I used to think strength meant standing alone. Independence was the currency of adulthood, the marker of someone who had "figured it out." But somewhere in the midst of my own striving, I discovered a truth that turned everything upside down: discipleship is followership, and it asks us to do the one thing our independent human nature resists most—listen, trust, and submit to someone else.

This realization didn't come easily. It came through frustration, through the exhausting weight of trying to navigate life with only my own reasoning as a compass. I had been taught to question, to analyze, to forge my own path. And while human reasoning has its place, I found it constantly inviting me toward a kind of isolation—a subtle lie that whispered I could do this on my own, that following another was weakness, that true growth meant self-reliance.
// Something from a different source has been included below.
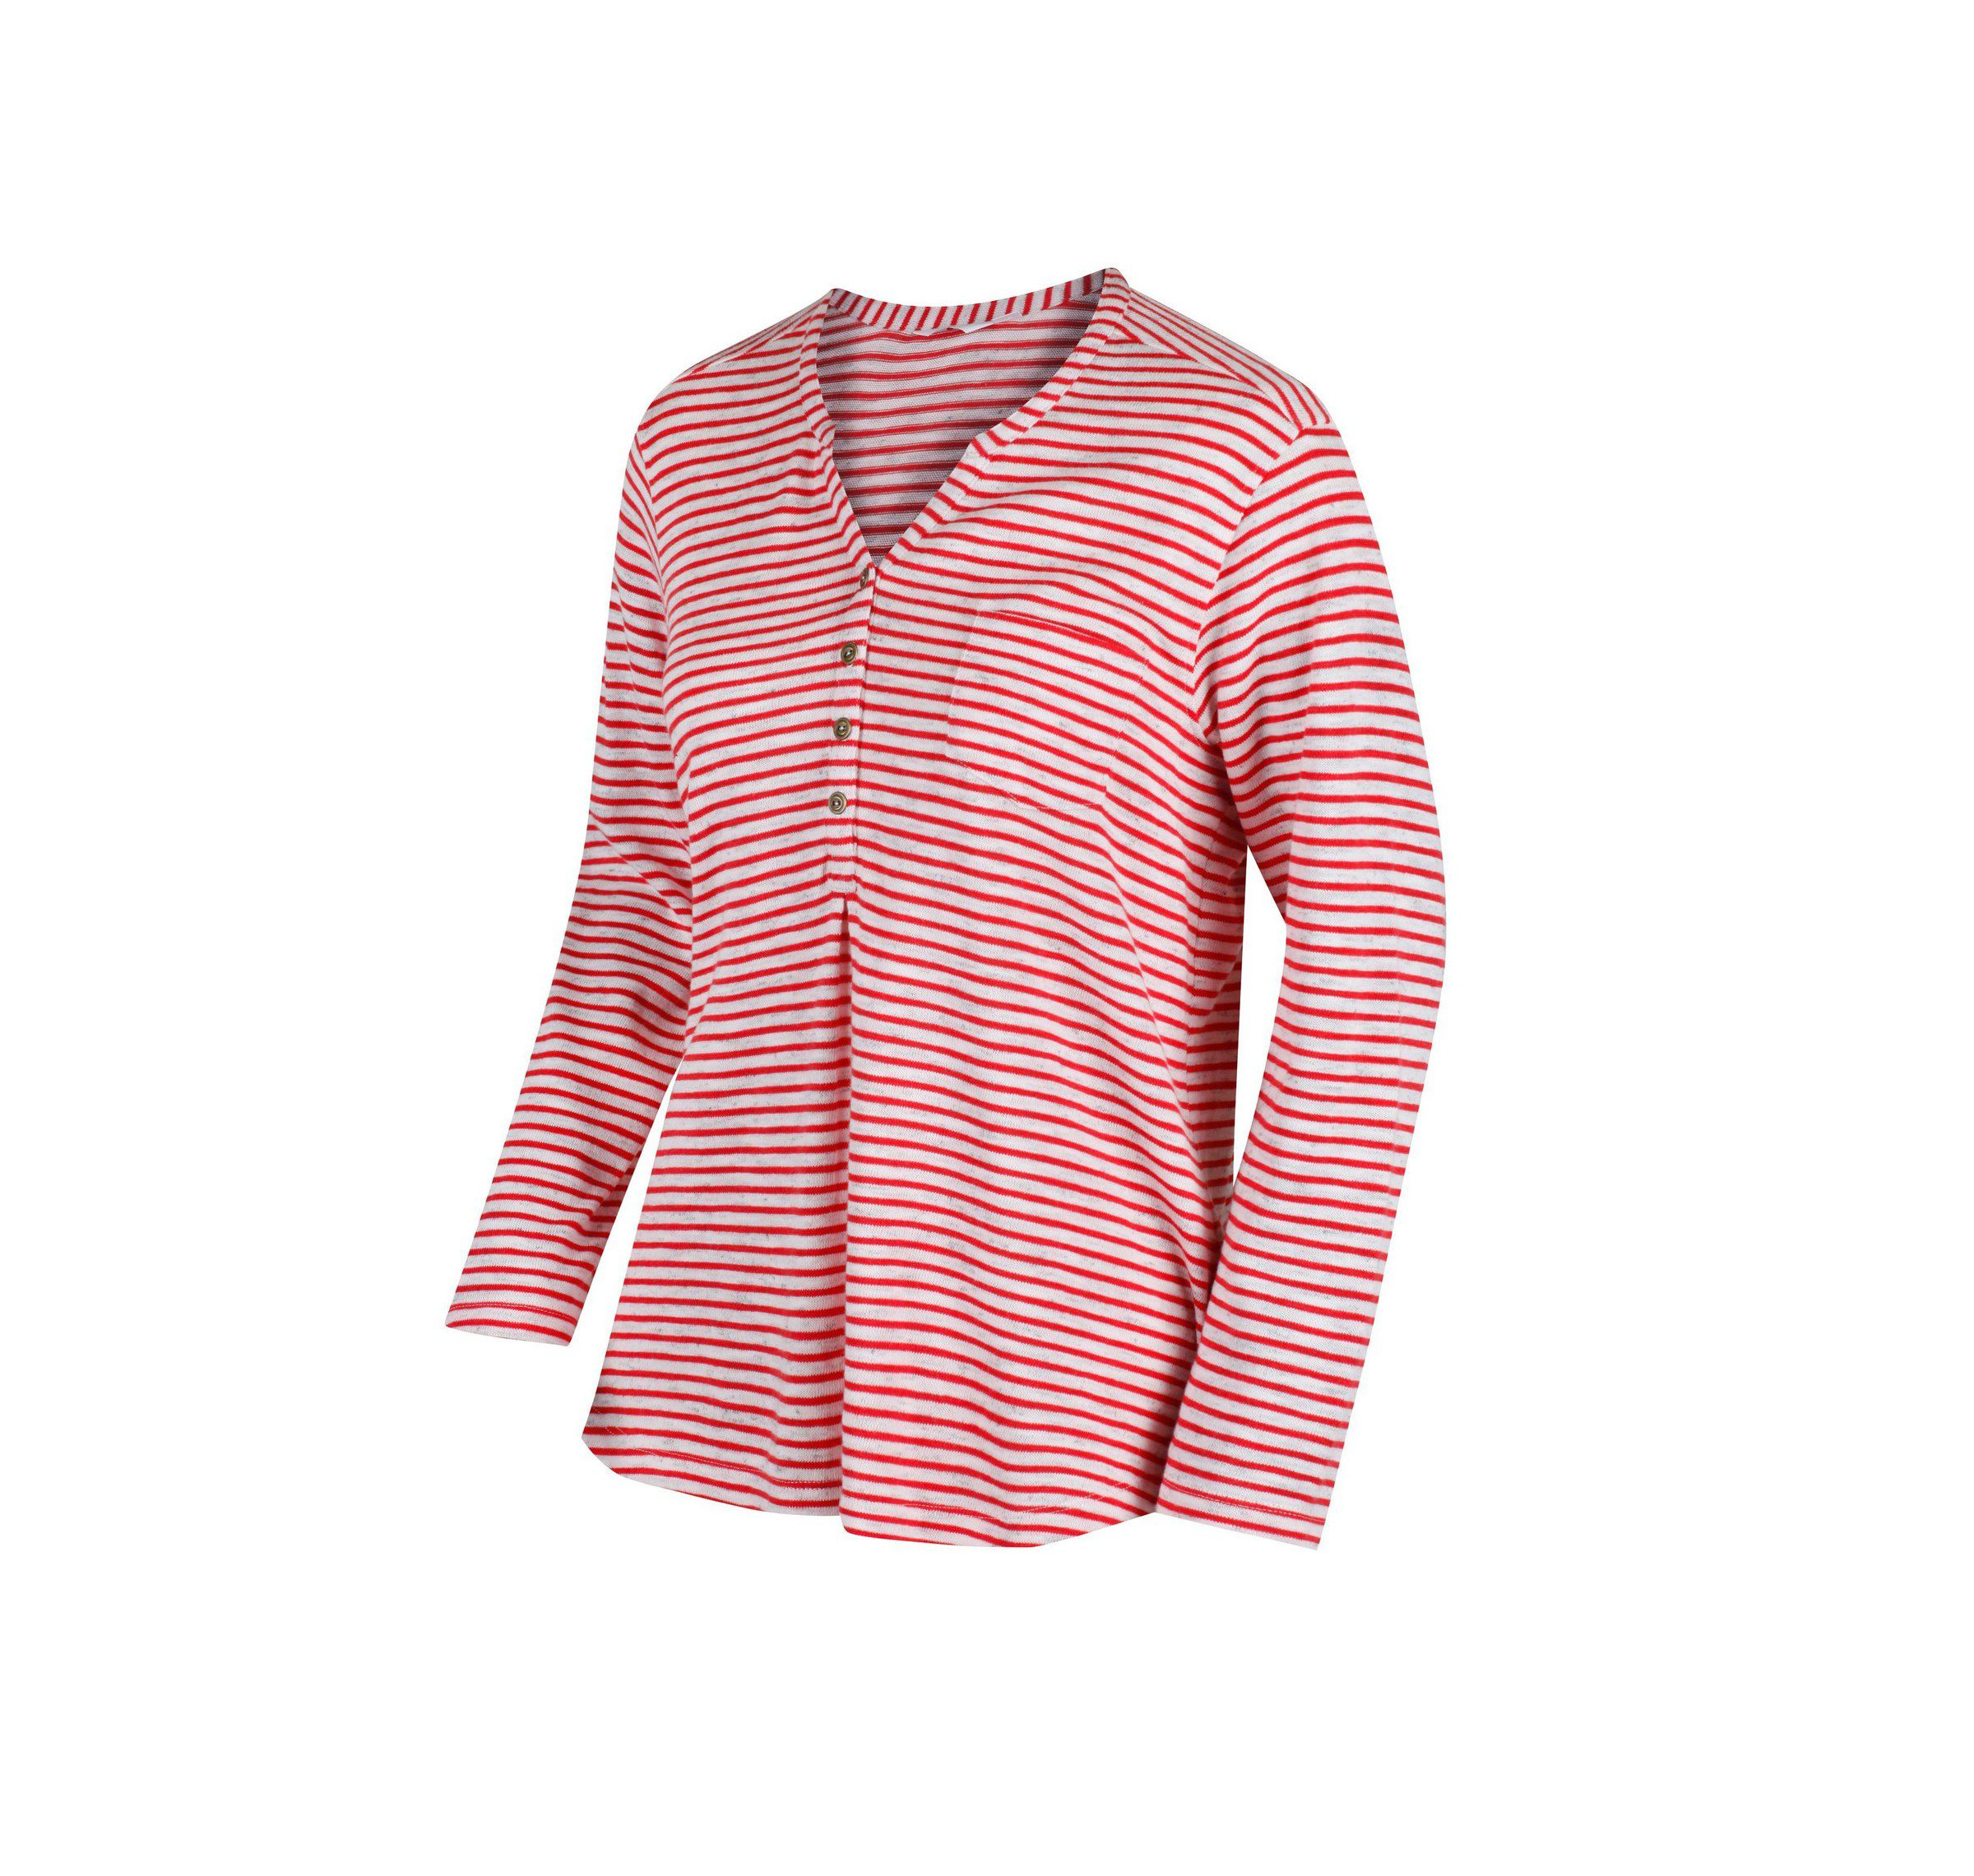 Regatta Women's Franzea Coolweave Cotton T-Shirt - Lollipop

But discipleship requires something entirely different. It requires a person to actually listen to a teacher, not just intellectually agree with them from a safe distance. Real listening—the kind that shapes you—demands vulnerability. It means opening yourself to influence, allowing someone else's wisdom to reshape your assumptions. And that kind of listening, I've learned, only happens when trust is present.

Trust, though, is a fragile thing. It can be easily broken by a careless word, a failed promise, a moment of hypocrisy. We've all been burned by people we trusted, left standing in the wreckage wondering if we were foolish to believe in the first place. Our broken nature—our capacity to disappoint and be disappointed—should actually give us reason to follow Jesus. Because if we can't fully trust other humans (and we can't, not completely), and we can't fully trust ourselves (evidence suggests we shouldn't), then we're left with a choice: continue stumbling forward in our own strength, or surrender to Someone whose nature isn't broken.

The problem is that independence from Christ, while culturally celebrated, is doomed to damnation and frustration. I don't mean damnation only in the eternal sense, though that's part of it. I mean the daily kind—the slow death of meaning, the accumulation of regrets, the haunting sense that we're missing something essential. And the frustration? It's relentless. The frustration of unmet expectations, of relationships that crumble, of purposes that shift like sand.

Here's what I've discovered: frustration can be mitigated but not eliminated by following Jesus. This was hard for me to accept at first. I wanted discipleship to be a magic formula, a way to bypass suffering entirely. But following Jesus as a true disciple means submission, and submission doesn't remove us from the hardships of being human. It reframes them. It gives them context and meaning. The frustration remains—we still face loss, confusion, disappointment—but it no longer defines us.

Submission needs trust, and trust in Jesus is everlasting and ongoing. It's not a one-time decision but a daily practice of releasing control, of choosing dependence over independence. Some mornings, this feels natural, almost effortless. Other days, it feels like wrestling. But this is the nature of ongoing followership—it's not static. It's a relationship that deepens through seasons, through failures and renewals, through moments of clarity and stretches of doubt.

And here's the beautiful paradox: ongoing followership can lead to true discipleship. The very act of following—day after day, year after year—transforms us into disciples. Not because we've mastered anything, but because we've stayed close to the Teacher. We've let His voice become more familiar than our own anxious thoughts. We've discovered that the strength we were searching for all along wasn't in standing alone, but in learning to walk beside Someone who never stops leading us toward wholeness.

Discipleship is contrary to everything our culture teaches us about becoming ourselves. But maybe that's exactly the point. Maybe becoming ourselves was never meant to be a solo journey. Maybe true strength has always looked like trust, and true wisdom has always required us to follow.